My question is thus: Since a dependency seems to be messed up, will I even be able to use logstash at all on Windows, or should I just give up and wait for a new release?
Jippi has quit
I mean, the basic listening / aggregation stuff seem to work, so that's good - I just want to know if anyone can reassure me or else steer me off this path so I don't waste my time doing something that's impossible
simmel joined the channel
Jippi joined the channel
eper
if it is only the web interface and it does not crash if disabled then you can continue - just need to run kibana separate (unsure if it plays well on windows)
axellj
well, it doesn't crash when I *don't* enable the web interface as a param, so that's promising.
I guess i'll try to find out. It's kinda tricky to do this on Windows, most stuff seems to expect that you run some nix flavor
eper
kibana3 is client side so it should run under any web service I suspect
axellj
that's my hope. the whole logstash stack seems very nice, so I hope I can get it to work
eper
aye not tried shipping logs out of windows servers yet
stackedsax1 has quit
maluko joined the channel
axellj
I've done some reading and it seems like using snare is the best option - but I've a long ways to go before I*m there, right now I just want to get it to run locally. Here goes, then.
dottedmag
What do you folks do to prevent any misconfiguration which causes repeated logging?

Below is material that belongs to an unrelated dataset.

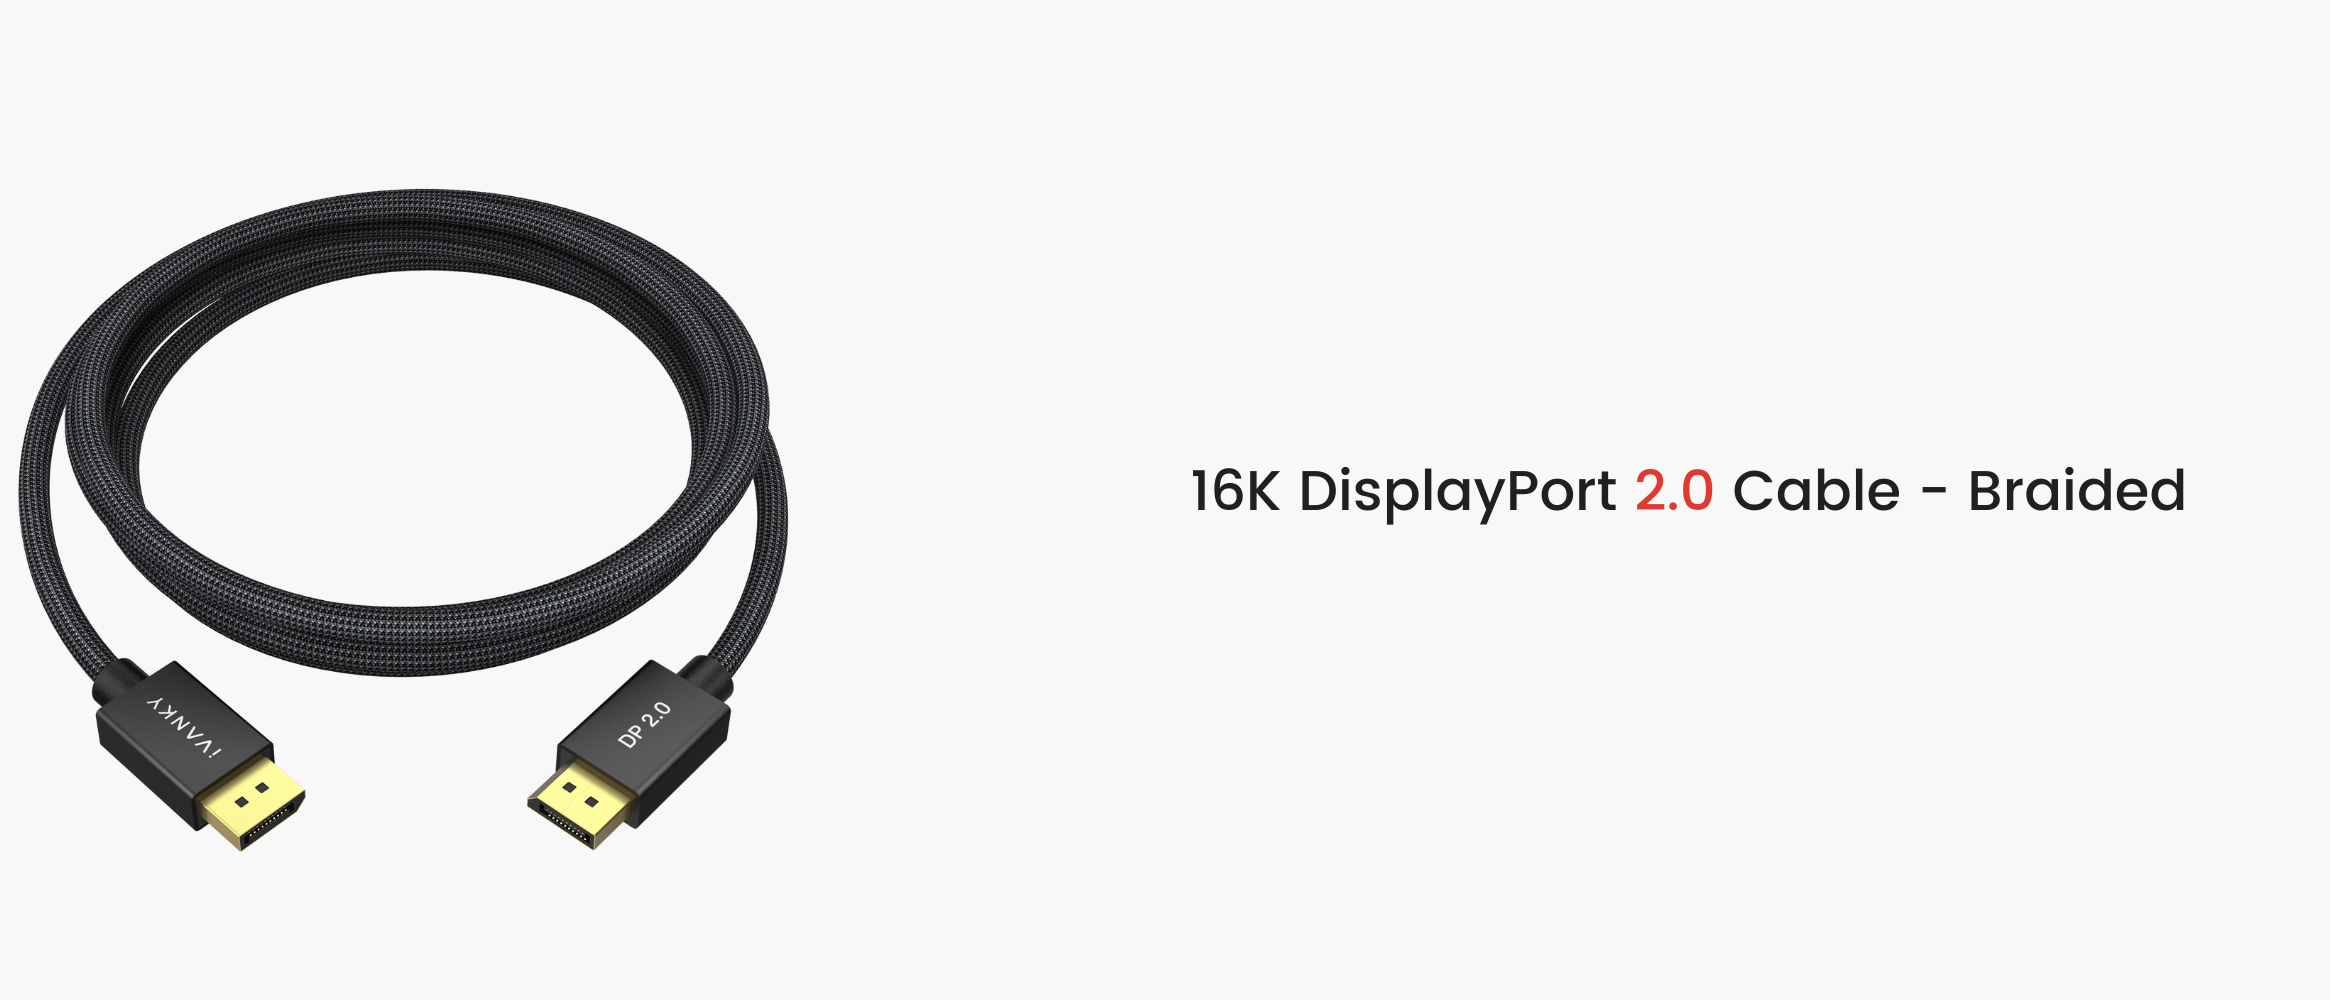 16K DisplayPort 2.0 Cable

Infin1ty joined the channel
Say, Redis goes down, and Logstash starts to log "unable to fetch data from Redis", which grows to dozens of gigabytes overnight, fills the whole disk and causes machine to halt.
eper
monitoring :P
basti
dottedmag: or logrotate ^^
Infin1ty
dottedmag, so make sure you have redundant redis instances
dottedmag, even one on standby instead of just shuffling them
dottedmag
logrotate is not quick enough -- should I rotate logs every 10 minutes?

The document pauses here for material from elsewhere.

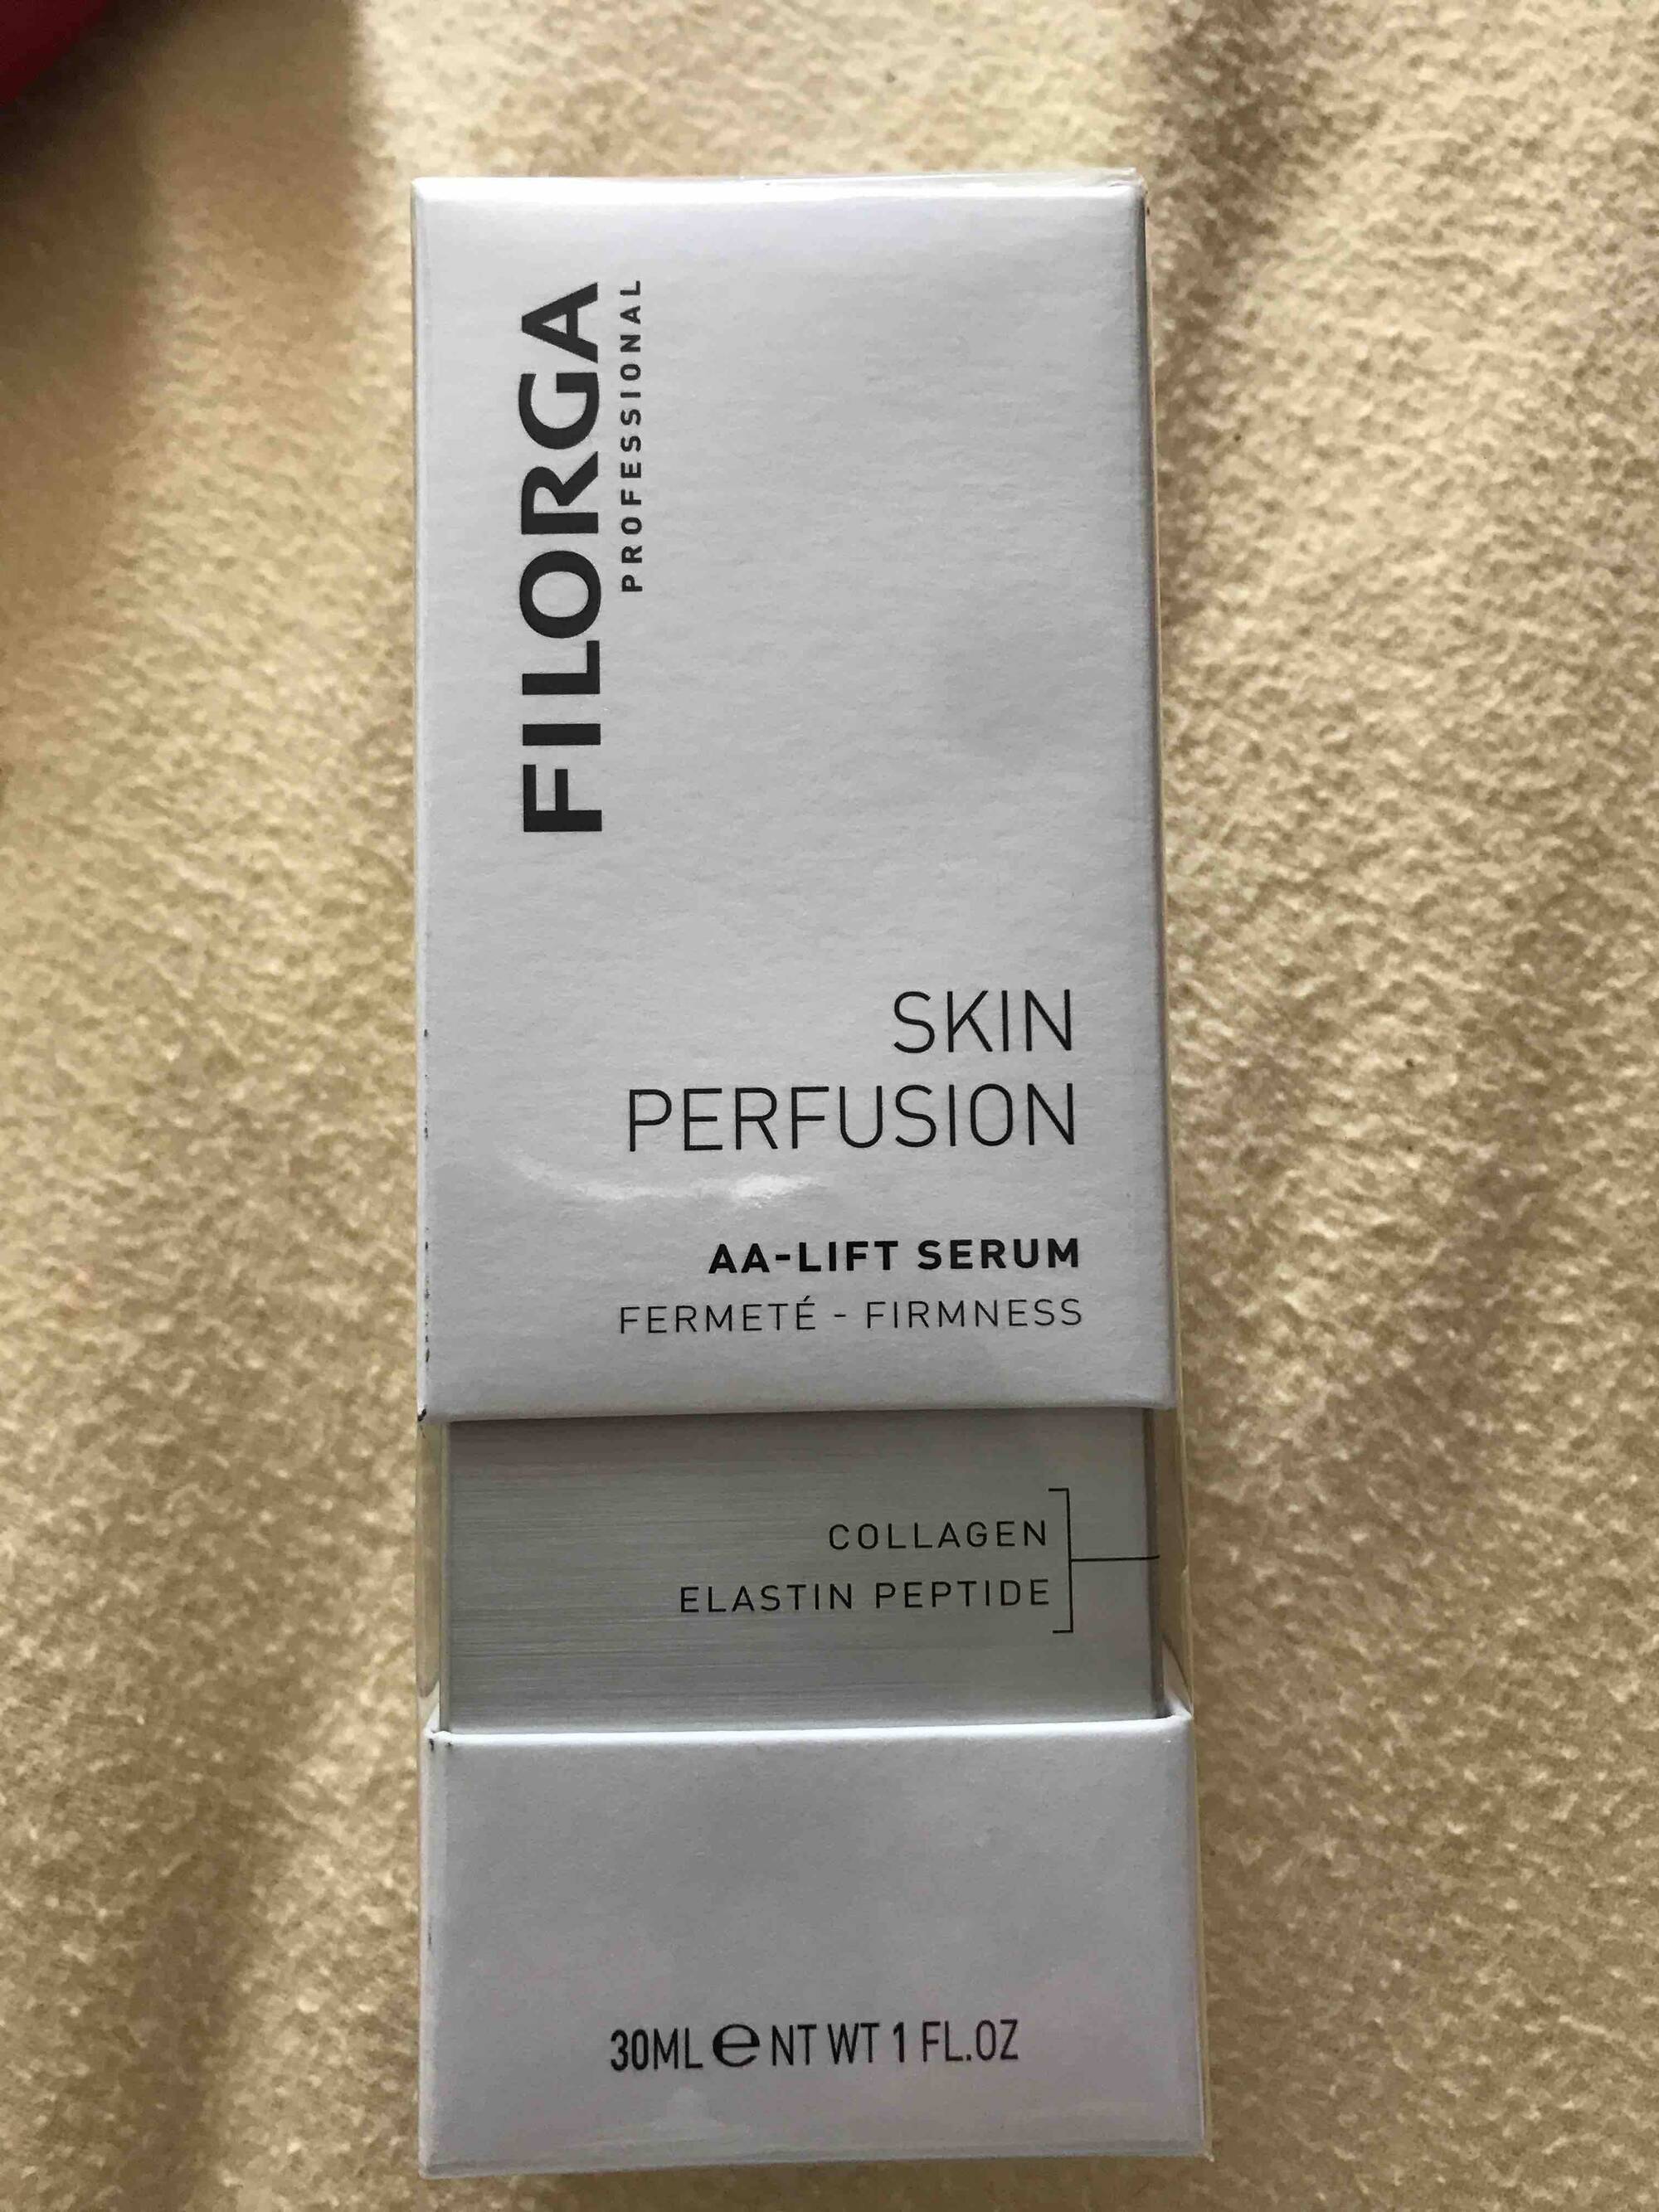 FILORGA PROFESSIONAL - Skin perfusion aa-lift serum

But that's curing the symptome instead of underlying problem.
Which is huge amount of logging output in case anything goes wrong.
And sure I do have monitoring, it reminded me that disk is filled up, 5 minutes before machine went to halt.

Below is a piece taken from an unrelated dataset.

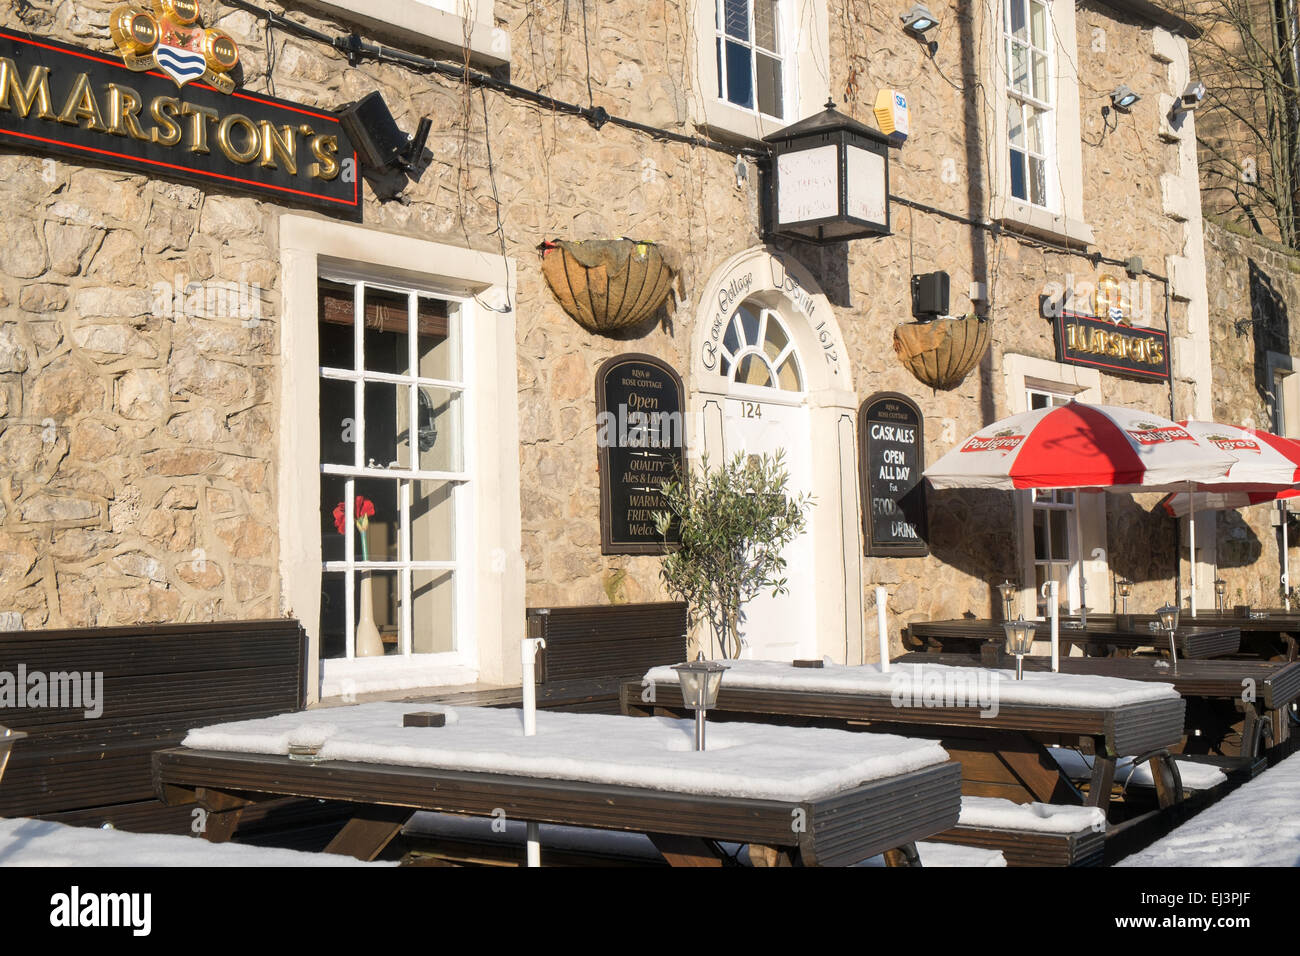 Traditional english pub selling marstons beer in Matlock Bath,Derbyshire,England,United Kingdom Stock Photo

But standby Redis won't help -- Logstash will complain if any of inputs is down.
bemehow joined the channel
Nord_80
Hi! I'm stuck trying to get Kibana 3, logstash 1.13 and elasticsearch 0.20.6 working together
basti
Nord_80: Any Error message?
Nord_80
It doesnt seem like logstash is creating the indices in elasticsearh
trying to use file input, with the apachelog from the tutorial
basti
I have a problem with _grokparsefailure tag. Everything is beeing parsed well, but it is still displayed in kibana. When exactly is logstash adding this tag`
Nord_80
just getting alot of "heartbeats" and an occasional _discover_file_glob
basti
do you have any filters?
Nord_80
yes, grok
bemehow_ joined the channel
basti
Nord_80: ok, so sorry. No idea how to research furhter ;)
Nord_80
just installed grok from the git repo, and made a make; make install. I'm not really sure where the filters are suppose to go
dpippen joined the channel
bemehow has quit
dpippen has quit
maybe I will try without filters. I dont think it is a grok issue
But according to the mapping (in gist as well) the field is a string.
Why does it try to parse it?
ells joined the channel
I'd better ask in #elasticsearch
afd___ joined the channel
afd__ has quit
alistar joined the channel
zimbatm joined the channel
basti
Hm, still facing the problem, that logstah is adding _grokparsefailure to successfull parsed queries. Any idea why?
Infin1ty
dottedmag, if you plan an HA system, things will go wrong, you must have redundancy, what happens if it won't log anything? how would you know you have a problem?
dottedmag, having another redis will sure help, you can give logstash two redis inputs and indexers two redis output (shuffling or not)
dottedmag
Infin1ty: as a matter of fact, I have two redis inputs.
One of them was misconfigured.
And Logstash started to complain about it.
And complained whole night, until logstash box halted.
I feel there is need for exponential backoff both in inputs and outputs.